The Economy Is Growing Faster Than the Government Says

The Wall Street Journal

If you’re looking for the most accurate view of economic growth, you won’t find it in the government’s top-line statistics. Last month the Bureau of Economic Analysis revised its estimate for the first quarter of 2018; the BEA now says gross domestic product grew 2%, annualized, down from the previous figure of 2.2%. This dramatically understates the economy’s actual performance. A better measure, factoring in statistics on incomes, shows growth steaming along at a much stronger 2.8%.

Why the difference? In short, because the data aren’t perfect. Unlike the unemployment rate, which comes from a (relatively) straightforward survey, GDP is not measured directly.
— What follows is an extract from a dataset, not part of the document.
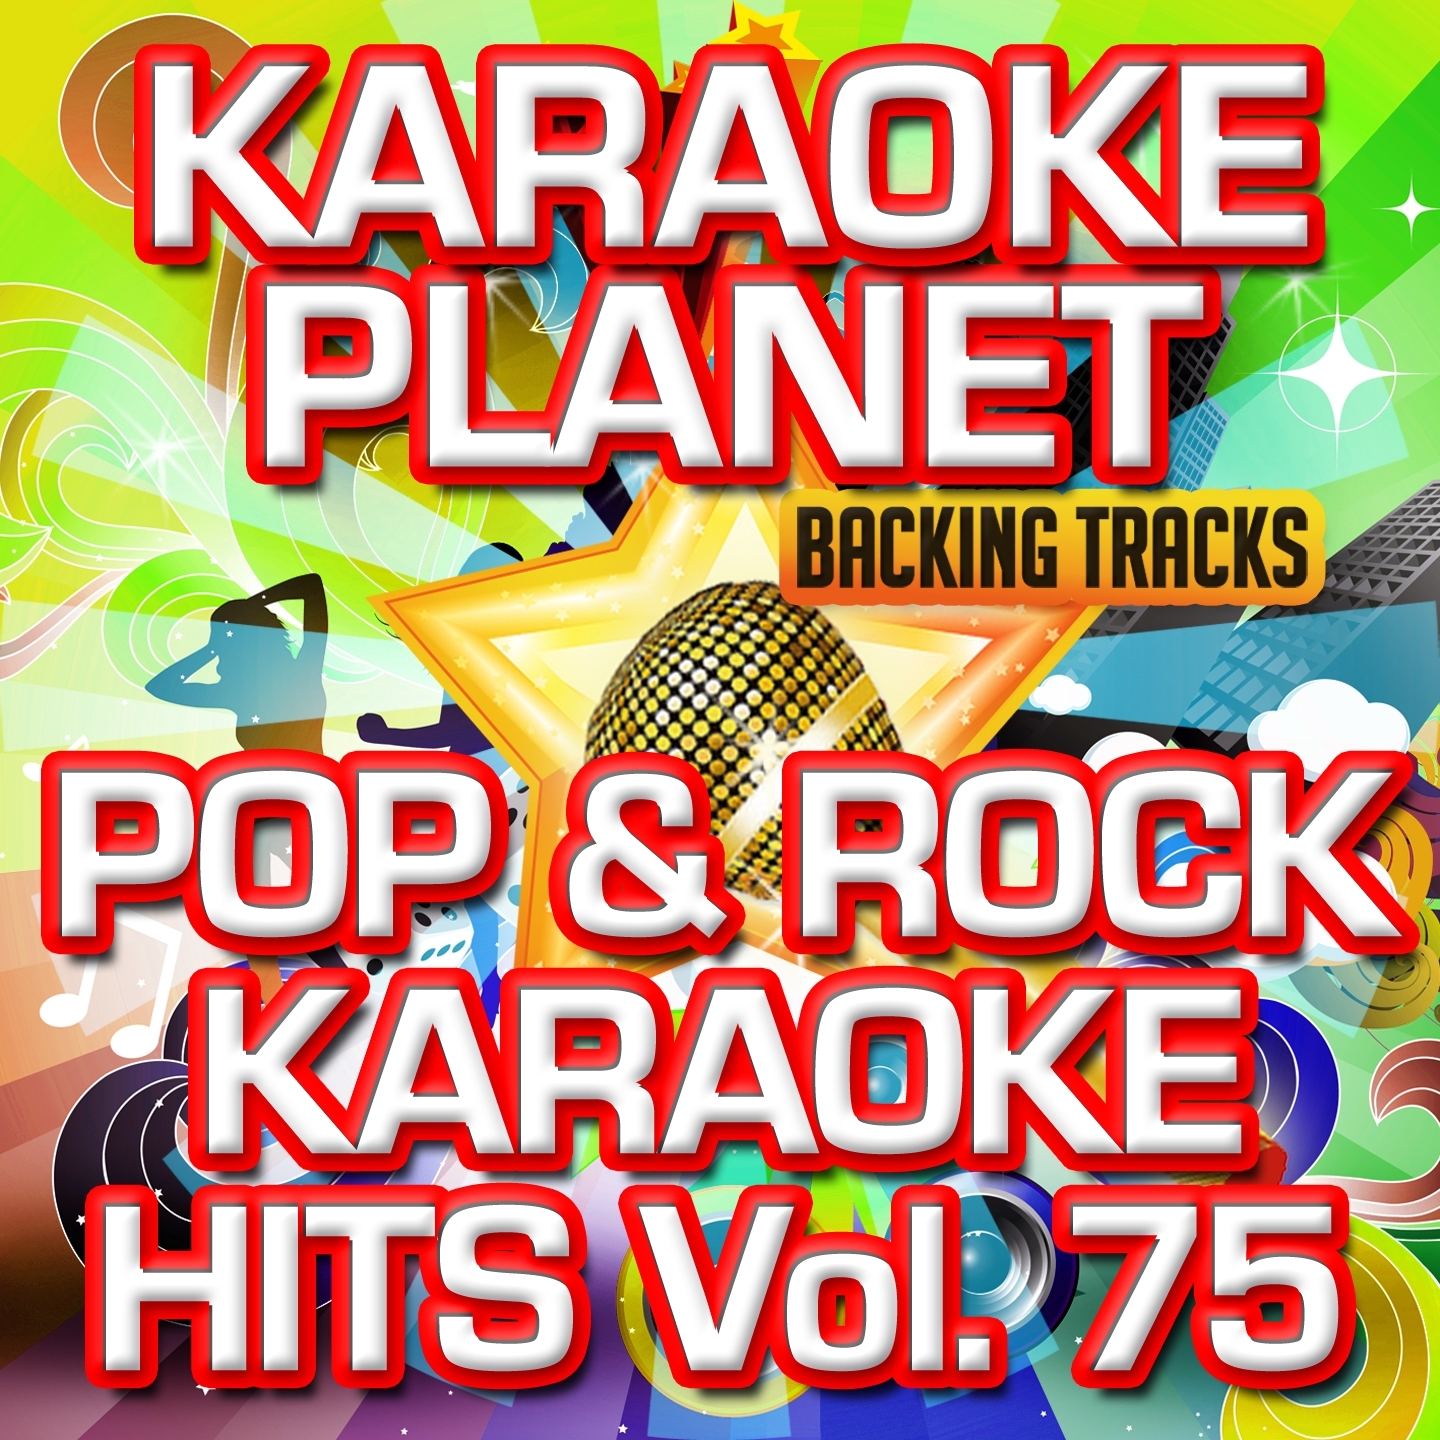 Pop & Rock Karaoke Hits, Vol. 75

Instead, the BEA sums up economy-wide expenditures from dozens of data sources, covering consumption, investment, government spending, net exports and more.

Last month’s figure was the BEA’s third estimate for the first quarter. Yet at this stage the statisticians have comprehensive data on only 38.5% of GDP. Most of the rest was inferred using direct or indirect indicators, such as by taking the number of housing starts as a proxy for dollars invested in new home construction. For 12% of GDP, the statisticians used “trend-based data,” which essentially amounts to extrapolation and guess work. To take a couple of specific examples, the BEA had a reasonably accurate measure of cars bought in the first quarter, but it had to guess how much financial services were purchased.
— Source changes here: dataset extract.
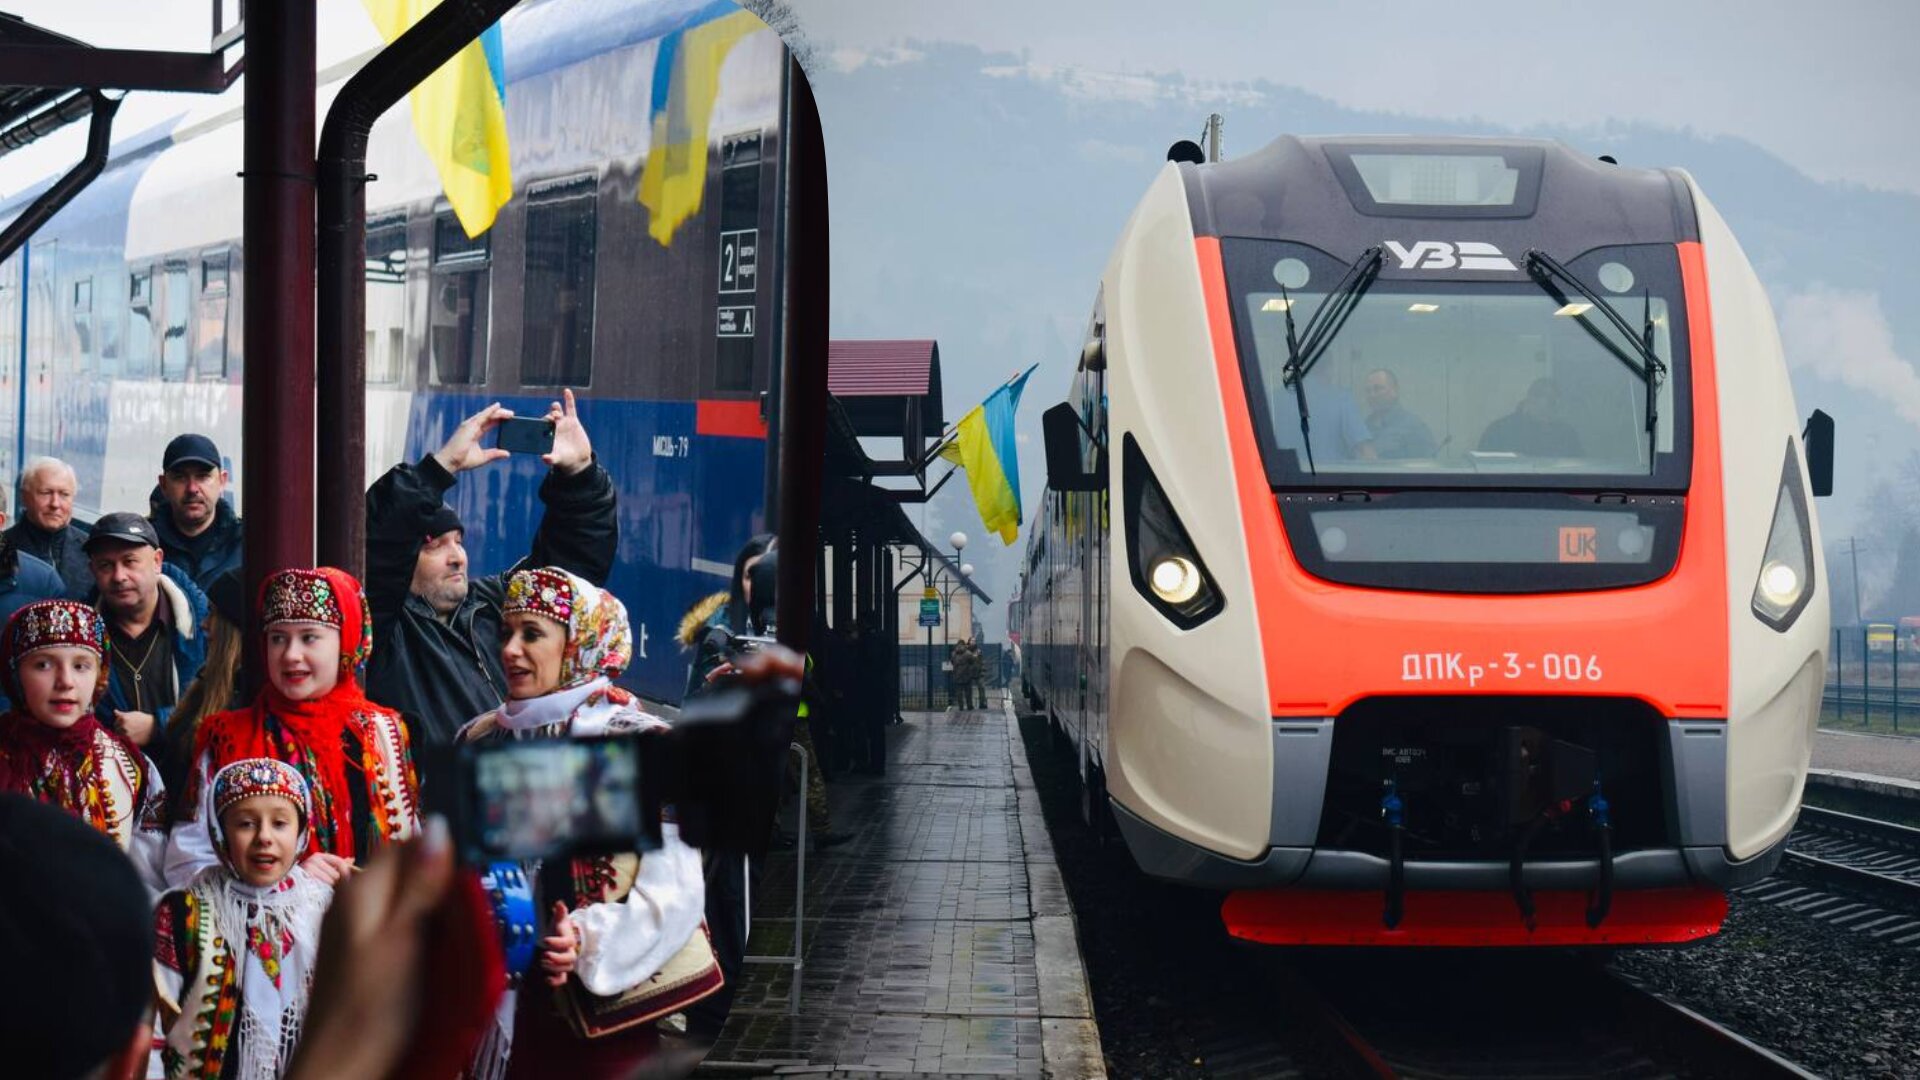 Сьогодні поїзд №753 Л, сполученням Рахів–Валя-Вішеулуй (Румунія) здійснив свій перший офіційний рейс.

Producing the most accurate statistics can be costly, complicated and fraught with these kinds of measurement problems. Despite the best efforts of the BEA’s excellent civil servants, the underlying data are noisy and incomplete, meaning that revisions to GDP growth estimates can be large and often confusing. The average absolute revision from 1993 through 2016 was 1.3 percentage point.

Drawing on more data can cancel out some of this noise and produce a more accurate figure that requires smaller revisions. Specifically, the BEA separately gauges the size of the economy by adding up all the different sources of income, such as wages and profits. This figure is called gross domestic income, or GDI, and in the first quarter of 2018 it grew by an estimated 3.6%, annualized.

Ultimately, GDI should be identical to GDP, since all money spent is money earned. But in practice the published estimates differ because the data are subject to different errors and reflect different guesses. Research shows that a simple average of GDP and GDI is a nearly optimal way to combine the two sets of information. For the first quarter it averages to 2.8% growth. That is the best predictor of what the government will eventually estimate for GDP after several years of revisions.

The BEA’s statisticians already report this number, which they call “average of GDP and GDI,” but they bury it, and the financial press and analysts usually ignore it. The BEA should immediately start reporting this figure as its headline growth estimate, because it is the most accurate way to measure the economy. Until it does, serious analysts can help themselves by playing down the noisier GDP data and focusing on the average, which better captures the economic signal.

With more time and resources, the BEA should integrate data from expenditures and incomes together into a single unified estimate, as many countries, including the United Kingdom and Canada, already do. When the BEA is filling in the blanks for the missing data on financial services, for example, it could choose numbers from both sources to create a combined best guess.

The additional accuracy would be beneficial for businesses and policy makers planning for the future. But accuracy becomes even more important when the economy may be entering a recession. Since estimating GDP involves extrapolating past performance, it overstates growth when things turn sharply downward. As the economy entered a tailspin at the end of 2008, the original report for the fourth quarter had GDP growth at minus 3.8%. That was eventually revised to minus 8.2%.

The BEA should fix the presentation of these data before the next major recession. An easy statistical change is all the Trump administration needs to MAGA: Measure American Growth Accurately.

Mr. Furman, a professor of practice at the Harvard Kennedy School, was chairman of the White House Council of Economic Advisers, 2013-17.